> _THE DATA_
Content starts

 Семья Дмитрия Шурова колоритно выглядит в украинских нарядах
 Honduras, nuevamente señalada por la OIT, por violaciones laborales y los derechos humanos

Content ends
Content starts

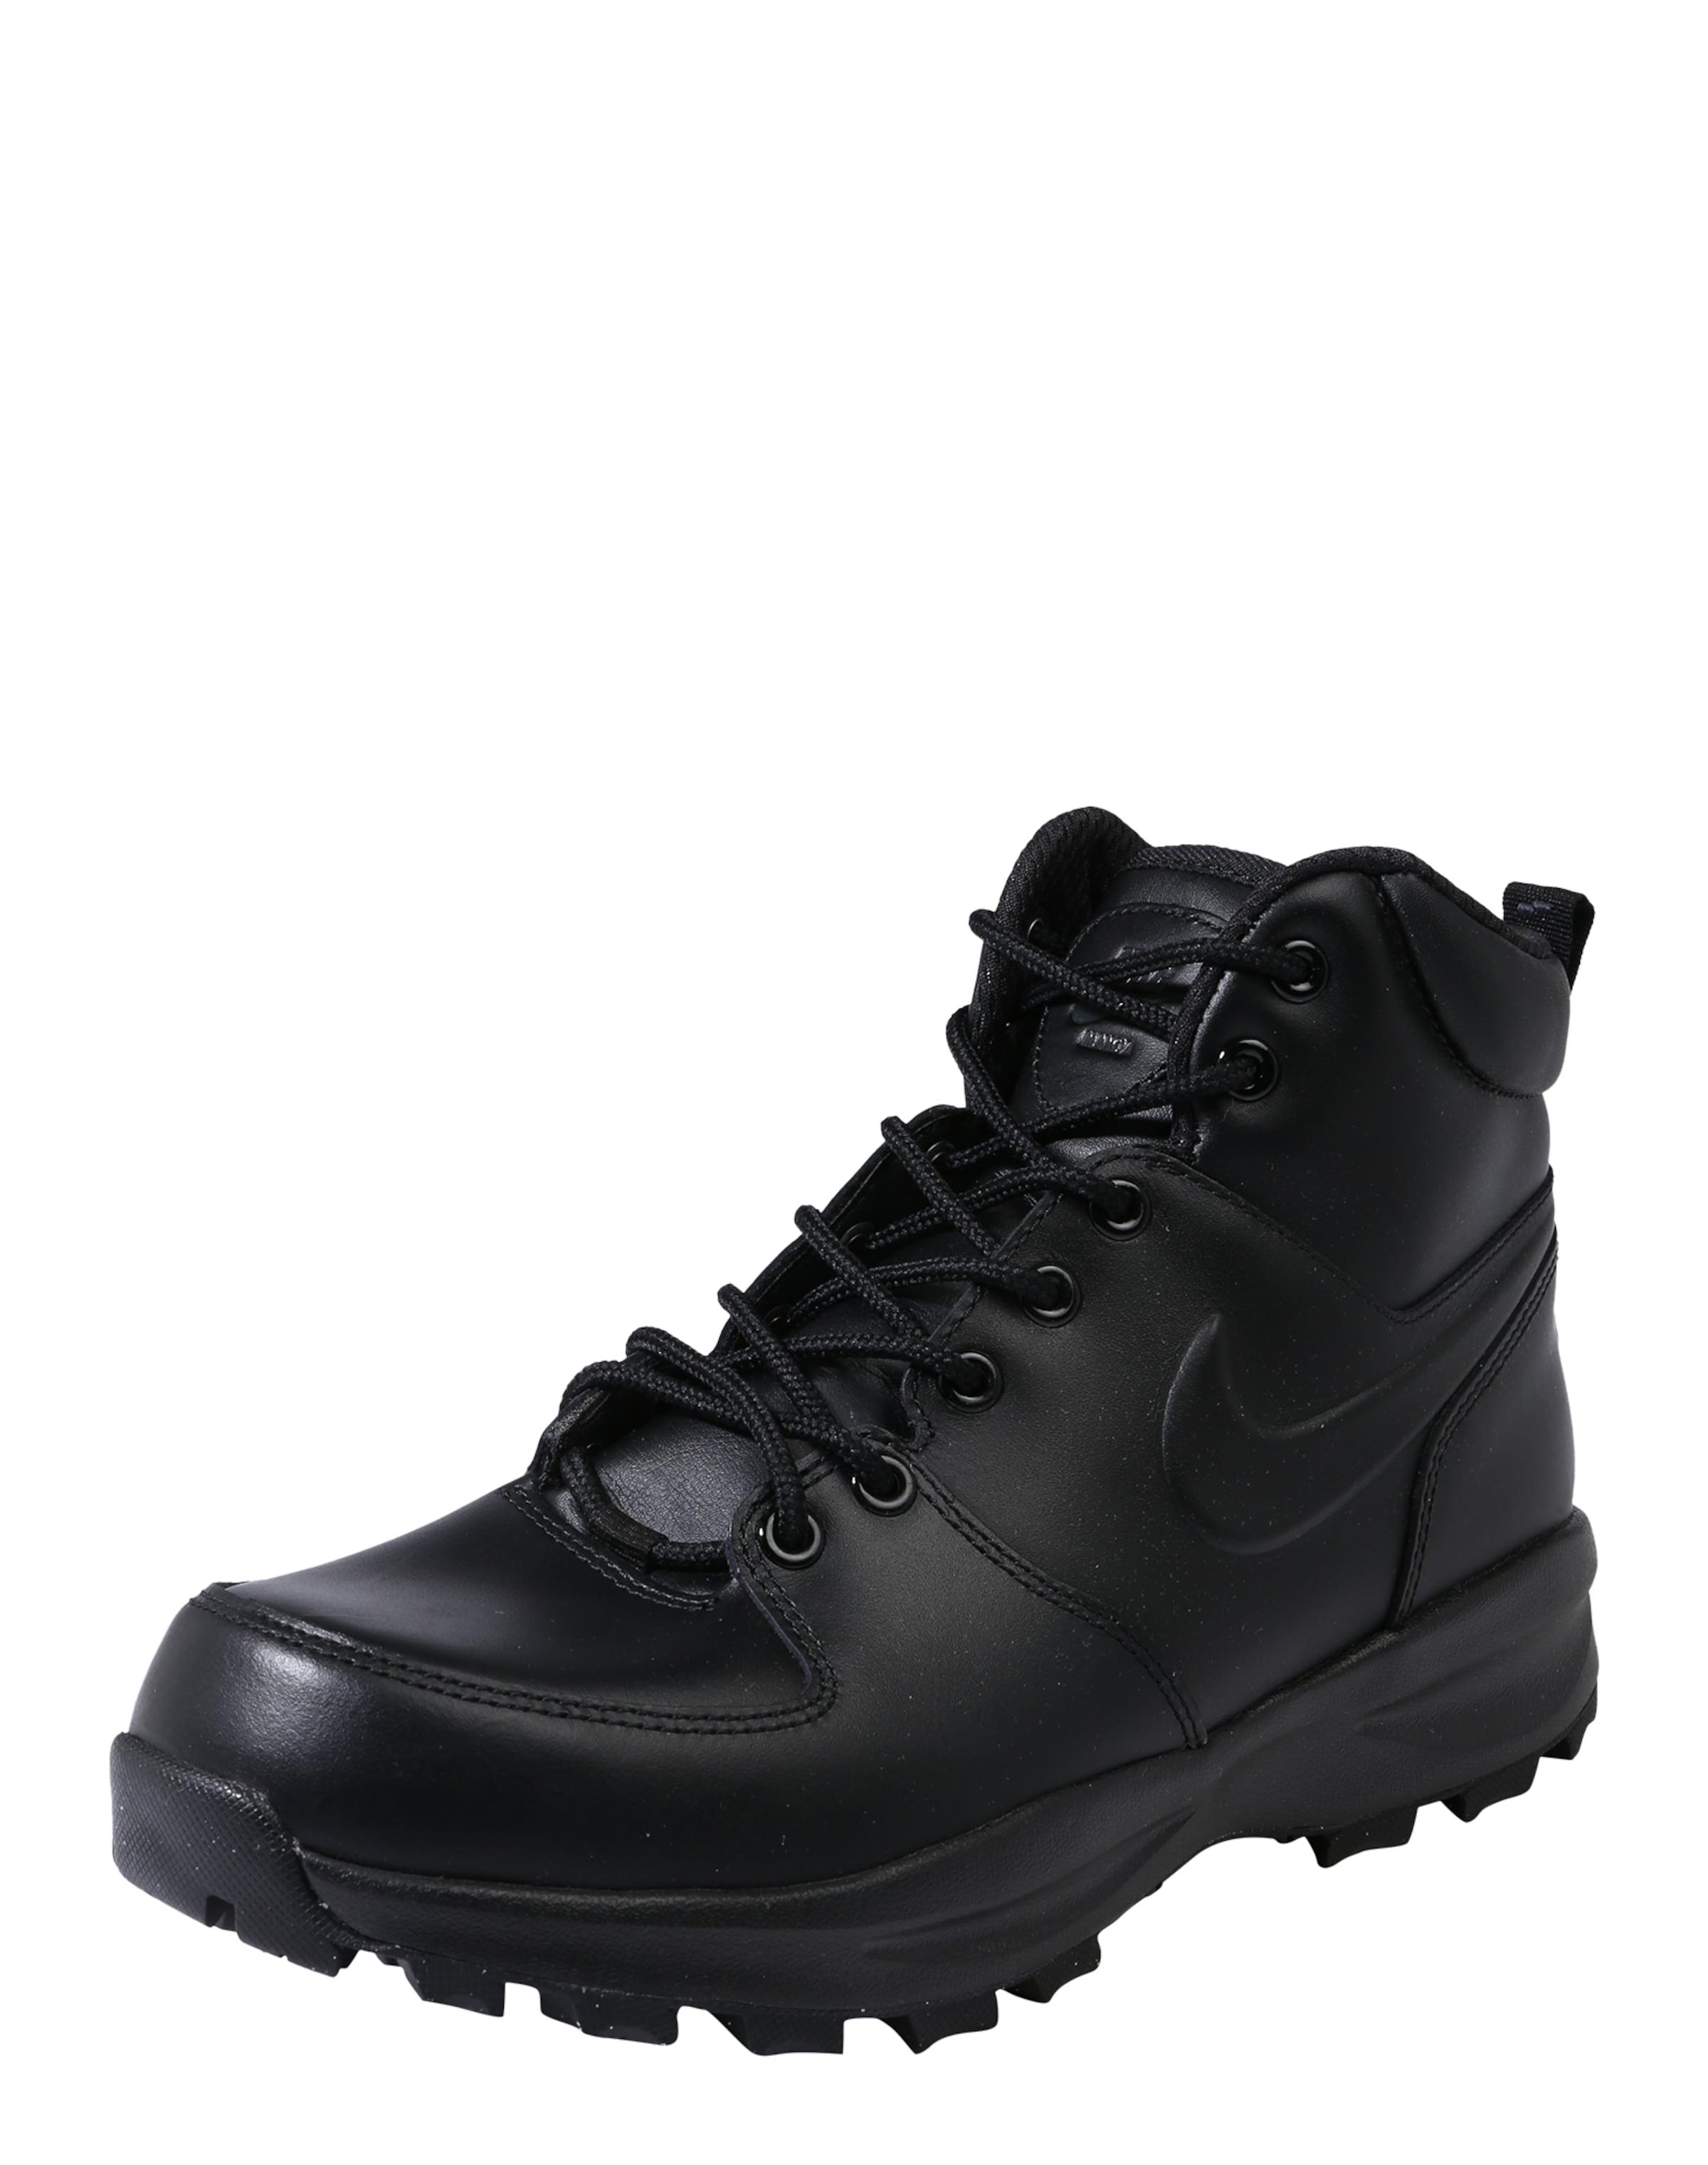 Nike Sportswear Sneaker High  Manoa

Content ends

> _GOAL OF THE EXERCISE_
Of all the entries above, repeat only the lines from the line that has "Семья Дмитрия Шурова" to the line that has "Honduras, nuevamente señalada", both lines included, exactly.

> _TASK OUTPUT_
 Семья Дмитрия Шурова колоритно выглядит в украинских нарядах
 Honduras, nuevamente señalada por la OIT, por violaciones laborales y los derechos humanos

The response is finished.